Other fixture channels 224 are shown as disposed between the first
and second ends of the elongate conductor frame 216, in this
example at points at which a portion of the elongate conductor
frame 216 changes its orientation with respect to adjacent portions
of the elongate conductor frame 216. For example, as shown in FIG.
2B, a fixture channel 224b is disposed adjacent the switch 210.
This location corresponds to a change in orientation of the
elongate conductor frame 216 as it transitions from a portion
within the grip 106 to a portion within the trigger guard 108.

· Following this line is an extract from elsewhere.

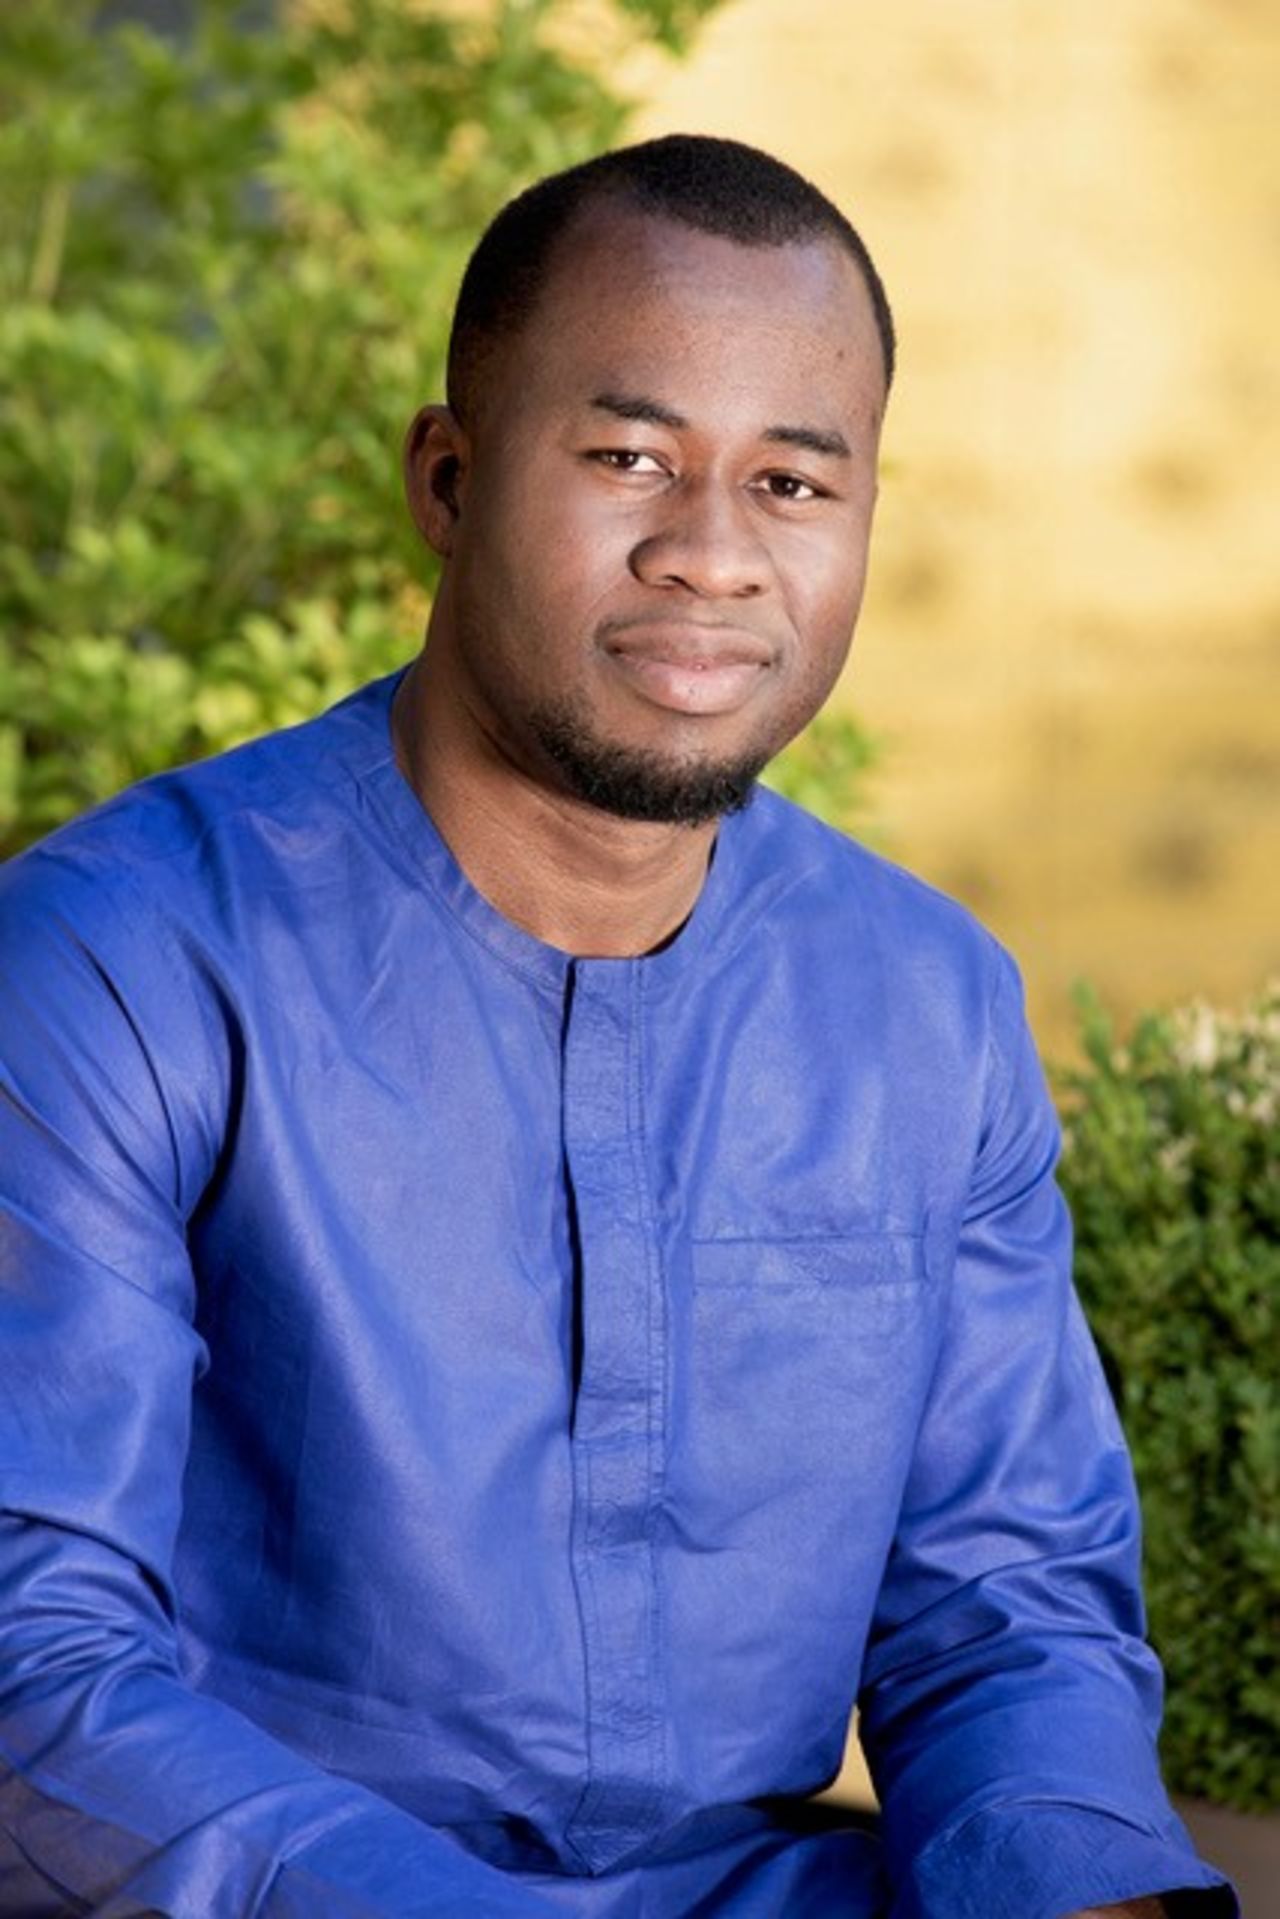 Nigerian <strong>Chigozie Obioma</strong> has twice been shortlisted for the Booker Prize, for his novels "The Fishermen" and "An Orchestra of Minorities."<br />Obioma was named by Foreign Policy magazine as one of its "100 leading global thinkers of 2015." He is a professor of English and Creative Writing at the University of Nebraska-Lincoln, in the US.<br />

Similarly, another fixture channel 224c is disposed at a point
corresponding to a corner of the trigger guard 108. The fixture
channel 224d is disposed at a point corresponding to a transition
of the elongate conductor frame 216 as it transitions from the
trigger guard 108 to the barrel assembly frame 112. As indicated
above, this fixture channel 224d also serves to stabilize the
position of the connector 212.
As indicated above, the specific locations of fixture channels 224
shown in FIG. 2B are for convenience of explanation only and do not
limit the scope of alternative embodiments encompassed by the
present disclosure. The location and number of fixture channels 224
may be varied to provide positional stability depending on the
configuration of the conductor assembly 104. The location and
number of fixture channels 224 will vary on the type of molding
process and materials used to fabricate the firearm frame 100, the
configuration of the firearm frame 100, the points of greatest
stress during molding, and the configuration of the conductor
assembly 104.
In some examples, the fixture channels 224 may also include a joint
that joins two separate segments of the elongate conductor frame
216 for examples of the elongate conductor frame 216 that are not
fabricated as a single piece that conforms to a configuration and
route through the firearm frame 100. For example, for an elongate
conductor frame 216 fabricated from joined segments, the fixture
channel 224 may actually include two complementary halves, each
half associated with one of two adjacent segment of the elongate
conductor frame 216. The complementary halved may be joined
together in a door hinge design. These joints facilitate changes in
orientation of the segments of the elongate conductor frame 216
(such as, for example, at fixture channel 224b or 224c). In other
examples, changes in orientation of the segments are accomplished
by fabricating a single-piece elongate conductor frame 216 into a
shape that corresponds to a path within the firearm frame 100 to be
followed by the conductor assembly 104. In embodiments of this
latter example, a conductor 204 (whether a flex circuit or one or
more insulated wires) can be overmolded with an insulating polymer
into the configuration used for a particular firearm. In this
embodiment, the plurality of clips 220 and the above-described
joints are not necessary.
As will be appreciated, portions of the elongate conductor frame
216 may be configured to form a barrier against polymer flow during
molding of the firearm frame 100. That is, raised portions of the
elongate conductor frame 216 may be configured to contact an
additional inserted plate or a portion of a firearm frame mold so
that material introduced into the firearm frame mold does not
intrude into the protected area. For example, in the example shown,
the elongate conductor frame 216 includes a portion around the
switch 210 so that injected polymer does not impair the functioning
of the switch 210. In some embodiments, this portion may be
sacrificial or may be removed after molding to provide space for
installation of a switch or other feature.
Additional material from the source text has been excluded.